Мужской любовный роман (в мягкой обложке). Ч.3

Следующим утром меня разбудил звонок из Франции. Звонил Жюль Лошар – мой начальник службы безопасности. Он сообщил мне поистине ужасающие новости. Зловещий барон де Говэн, давний враг нашей семьи, обнародовал завещание, согласно которому, якобы, все состояние моих родителей, а также рецепт фирменной лапши завещались ему.

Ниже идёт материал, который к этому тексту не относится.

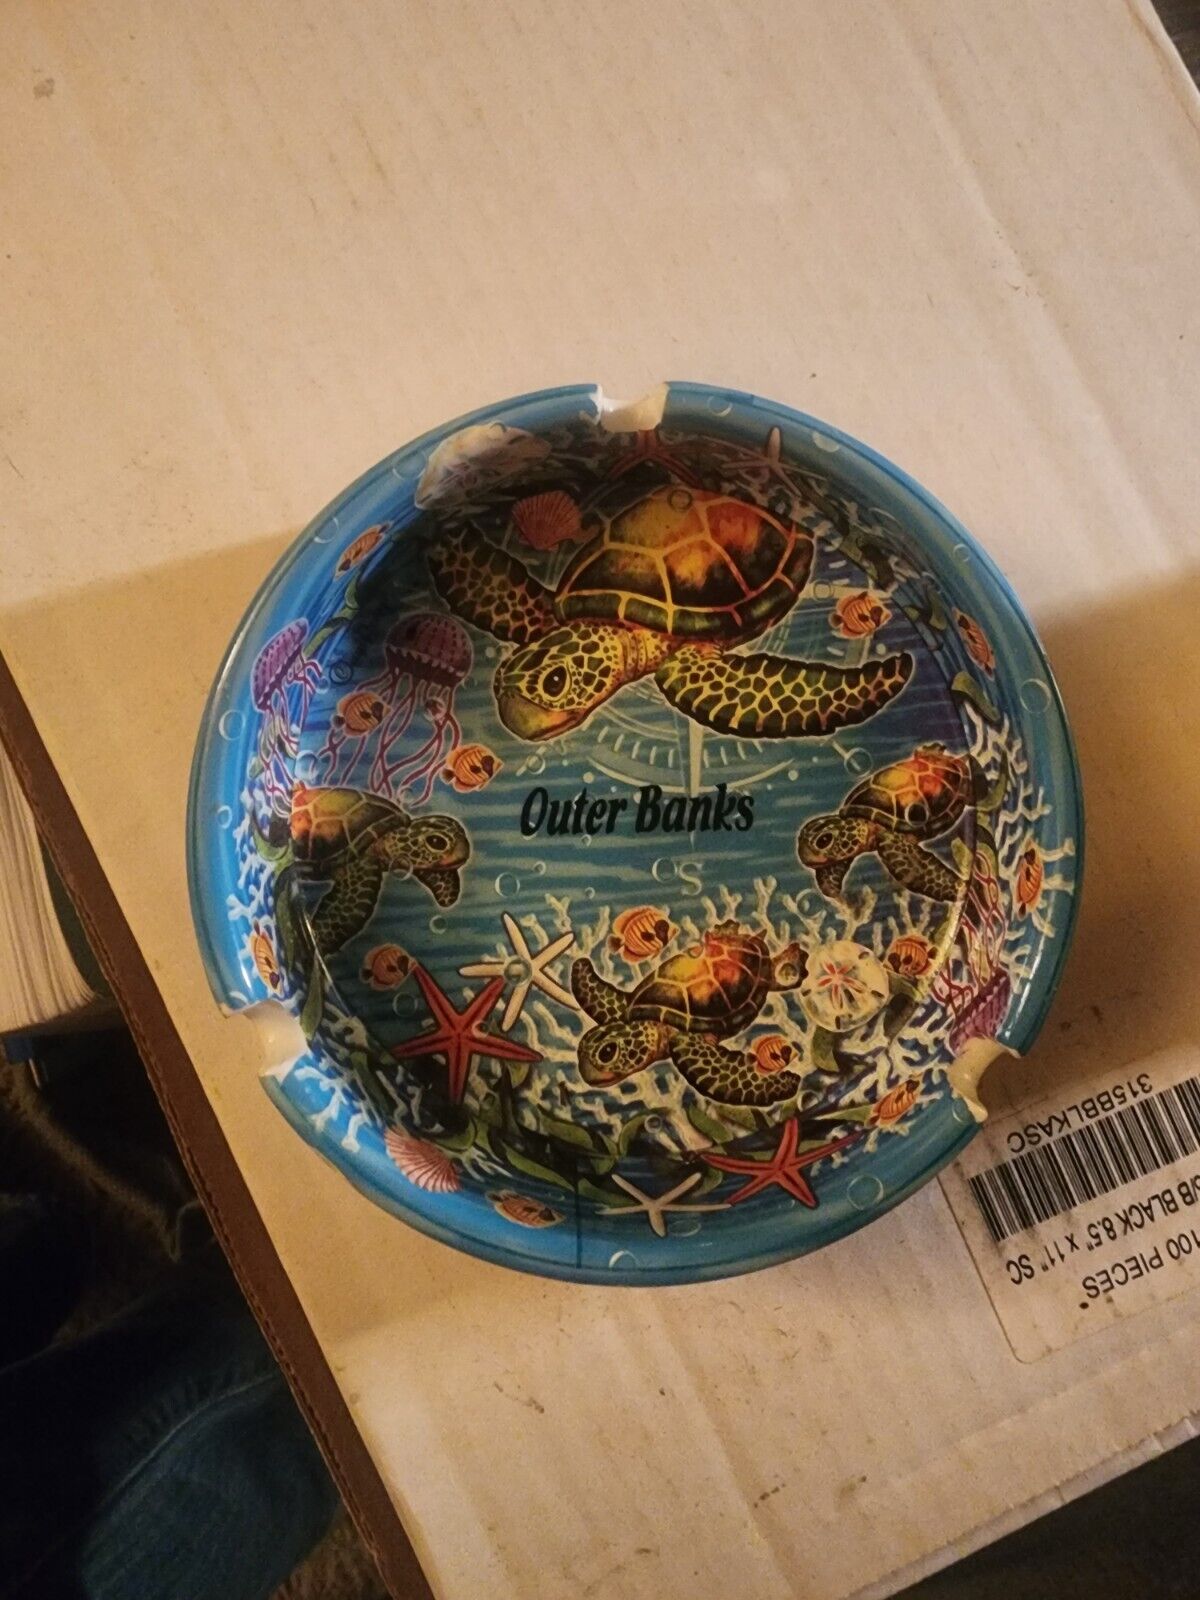 Ashtray from the Outer Banks

Барон де Говэн – всеизвестный гипнотизер, прогрессивный рабовладелец и неистовый бисексуал – бабник и мужичник. Он ненавидит все живущие во Франции дворянские фамилии нефранцузского происхождения. Его давний предок был не кем иным, как королевским подмывателем самого Луи Четырнадцатого. Стоило королю сходить в уборную по малой или большой нужде, как барон де Говэн тут как тут с кувшином, полным розовой воды: все ласково помоет и вытрет насухо бархоткою (эта бархотка с художественно изображенными источаемыми миазмами Его Величества легла в основу фамильного герба), поможет надеть штаны. Не было ближе человека к королю, чем личный подмыватель, и все поколения де Говэнов заслуженно гордились своим высочайшим положением. Нынешний барон де Говэн, как сообщил мне Лошар, оказывается, был влюблен одновременно в мою мать и в моего отца, и ревновал мать к отцу, а отца – к матери. Он ненавидел и вожделел их обоих. Все усугублялось тем, что пришлая из России дворянская фамилия была самой богатой в стране, и этого барон терпеть не мог. Черт-те какие темные бури вились в душе этого недоброго человека. Возможно, сказал Лошар смущенно, именно барон стоит за смертью моих родителей. Выяснилось (увы, поздно), что он  стакнулся с корсиканскими бандитами, горящими кровной местью по отношению к нашей семье и к Николя (я рассказывал об этой истории) и, вероятно, они повредили тормоза у автомобиля. А теперь, загипнотизировав судебную и нотариальную верхушку Франции, он утверждает, что его завещание истинно. В общем, до окончательного разбирательства все мои счета блокированы, на имущество наложен арест.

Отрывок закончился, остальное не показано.